WartaTangsel.co – Rahayu Saraswati Djojohadikusumo memenuhi panggilan klarifikasi di Mapolres Tangsel, Selasa (17/11/2020). Terkait kasus pelecehan seksual pada sebuah grup Facebook Tangsel Rumah dan Kota Kita.

Saraswati bersyukur laporan pelecehan seksual cepat ditangani oleh penyidik Polres Tangsel. Dia melaporkan akun Facebook bernama Bang Djoel yang memposting foto hamil Saraswati dan menuliskan kalimat bernada pelecehan seksual.

Read More

“Ya tentunya kami bersyukur saja sebenernya bahwa penindakannya cukup cepat, jadi kami bisa memberikan sesuai apa yang sudah kami laporkan minggu lalu. Ini contoh mereka penyidik dari kepolisian menanggapi serius kasus seperti ini (pelecehan seksual) dan saya mengapresiasi,” terang Saraswati dikutip dari Akurat.

Disinggung mengenai siapa pemilik akun Bang Djoel yang sudah melecehkan dirinya, Saraswati menyerahkan semuanya ke penyidik Polres Tangsel.

“Tentunya harus kami tunggu dari penyidik hasilnya seperti apa, karena tentunya dari mereka yang memberikan bukti tersebut. Kami hanya melaporkan bahwa akun tersebutlah yang memposting,” tandasnya.

Sebelumnya, laporan Saraswati diterima Polres Tangsel dan tercatat dengan nomor TBL/1182/K/XI/2020/SPKT/Res Tangsel.

Bang Djoel diketahui, menyebarkan foto Saraswati yang diambilnya dari instagram pribadi milik Saraswati di grup facebook Tangsel Rumah dan Kota Kita.
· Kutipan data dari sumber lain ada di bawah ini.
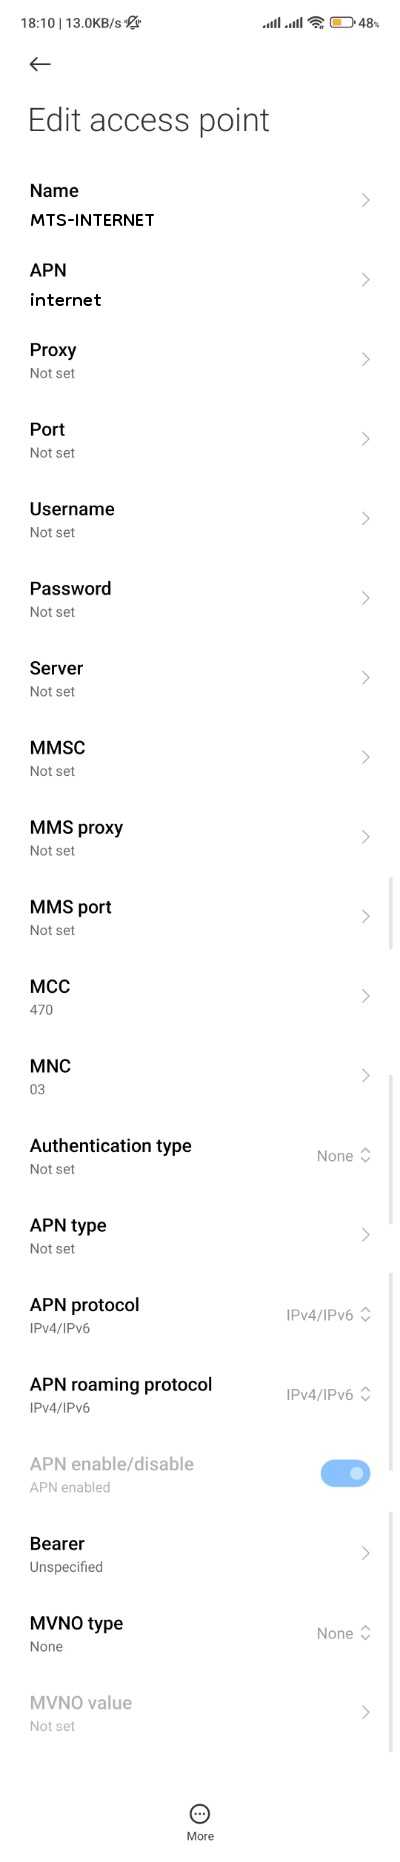 MTS Russia APN Setiings for Android iPhone 3G 4G Internet

Dalam unggahannya, Bang Djoel juga menuliskan kalimat bernada pelecehan seksual yang ditujukan ke Saraswati.

“Yg Mau Coblos Udelnya Silahkan.. Udel Dah Diumbar.. Pantaskah Jadi Panutan Apalagi Pemimpin Tangsel?,” tulis akun Bang Djoel.

Unggahan tersebut langsung viral dijagat media sosial dan membuat Saraswati geram.

Kuasa Hukum Saraswati, Maulana Bungaran menjelaskan, unggahan tersebut secara jelas ditujukan ke Saraswati dan memuat unsur pelecehan seksual, dengan kata-kata ‘coblos udelnya’.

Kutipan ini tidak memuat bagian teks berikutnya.